Everyone knows they should be A/B testing.
Except most actually shouldn’t.
Sure, making a few tiny changes that result in big conversion lifts sound nice. But those flash in the pan results typically stem from countless other tests that didn’t net a single improvement.
OR, the split tests you’re running are inherently flawed and the results will mean next to nothing (statistically speaking).
Here’s why A/B testing might not work for you, and 3 other conversion increasing tips to try instead.
Why You Shouldn’t Be A/B Testing
When people think of conversion optimization, they immediately jump to split testing.
Sure, landing page optimization techniques like this can be hugely beneficial. But only for certain companies, at certain sizes, with certain types of pages.
For the rest, running endless split tests of one tiny variable against another might end up as a big waste of precious resources.
Here are a few reasons why.
Problem #1. Inherent Bias
Conversion testing (especially split testing) can often contain internal biases that are hard to catch.
For example, if one test works with your traffic from Facebook then it’s easy to (incorrectly) assume it’s also going to work with your email subscribers. That over-generalization fails to take into account that your Facebook traffic lacks need awareness, while your email subscribers are already well versed in who you are and what you do.
Another is over-optimization. Focusing too much on the tiny details, without seeing the bigger picture, might lead you to make decisions that make one vanity metric go up (like Total Leads), while other more important ones come down as a result (like Sales Qualified Leads).
The most infamous bias of correlation vs. causation says that just because a green button out-converted an orange one, doesn’t mean that all buttons should now be changed to green.
These biases seem logical at the time, and it’s easy to fall victim to their siren song without the help of many well-versed experts involved in the process.
Problem #2. Opportunity Cost
Proper split testing should be carried out in a methodical, consistent process to systematically work your way through proving (or disproving) specific hypotheses.
It shouldn’t be done on a whim, because some blog post your boss read said that females respond to the color blue better.
Conversion testing is a time consuming, often fruitless task where only a tiny percentage of your tests pay off (which they do, handsomely).
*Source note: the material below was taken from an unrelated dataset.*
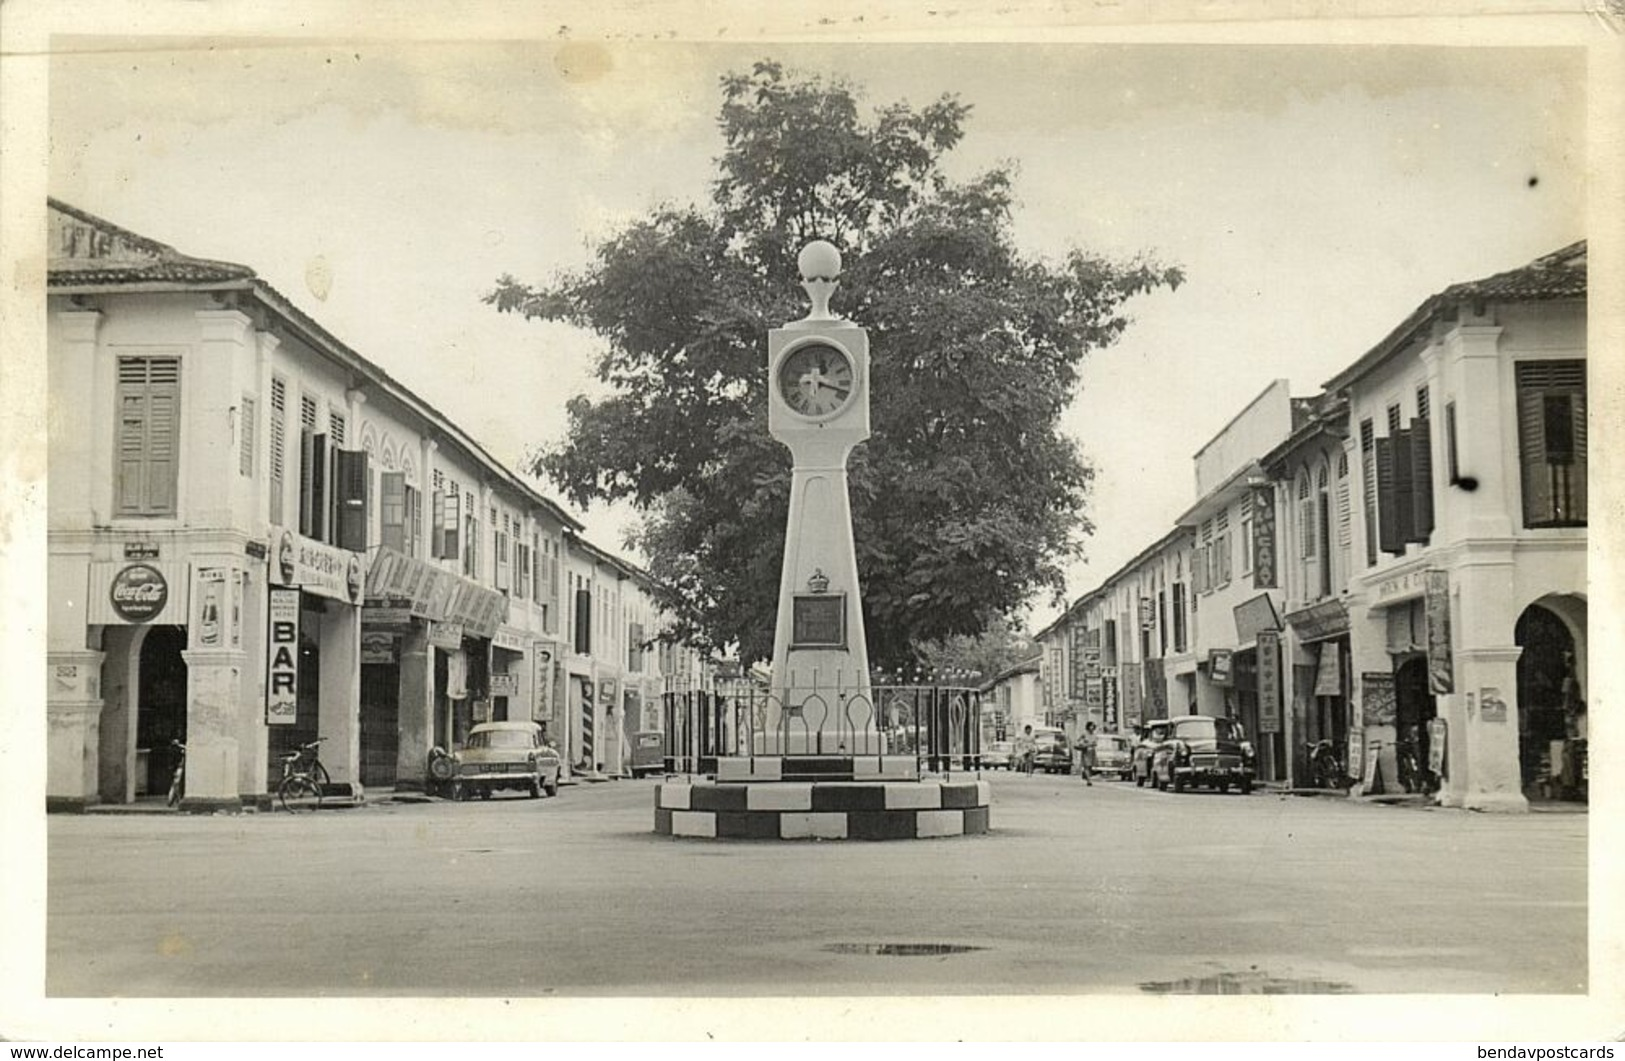 Malay Malaysia, PORT DICKSON, Clock Tower, Cars, Coca Cola (1950s) Real Photo - Malaysia

But otherwise, you’re running through a continuous cycle of:
- Examining Your Objectives: What would you like to fix or improve, and how are you going to measure everything?
- Determining Your Baseline: How are you going to define success based on where you’re at now (qualitatively or quantitatively).
- Creating Hypotheses: How (specifically) are you going to prove those hypotheses?
- Running Tests: Figuring out your timeline and what an appropriate sample size might look like
- Conducting Post-Mortum: What worked, what didn’t, and why? Based on this, let’s start again.
Simply put: this takes time.
It’s laborious, and many times you should be spending those hard-earned dollars elsewhere.
Problem #3. Statistical Significance
The most common A/B testing problem? Not enough peeps.
Conversion expert Peep (see what I did there?) recommends at least 1000 monthly transactions to make A/B testing worthwhile. And every individual test you run should have a minimum of 250 conversions before you put faith in the results.
Big eCommerce brand? No problem.
But even large B2B companies might have trouble with some of those numbers, where their volume tends to be much lower and transaction size per conversion much larger.
Depending on the size of the lift you’re looking at, those numbers might vary. For example, here are some basic rules of thumb to start with:
If you want to get even more granular, you can also try Visual Website Optimizer’s awesome Test Duration Calculator:
All of this means your split or A/B tests might not even result in statistically accurate results (which kinda defeats the whole data-driven, conversion optimization thing).
The good news, is that you can still improve conversions without running a single A/B test.
Here are three conversion increasing tips to try.
Tip #1. Customer Research
Continually learning more about your customers should be marketing priority #1.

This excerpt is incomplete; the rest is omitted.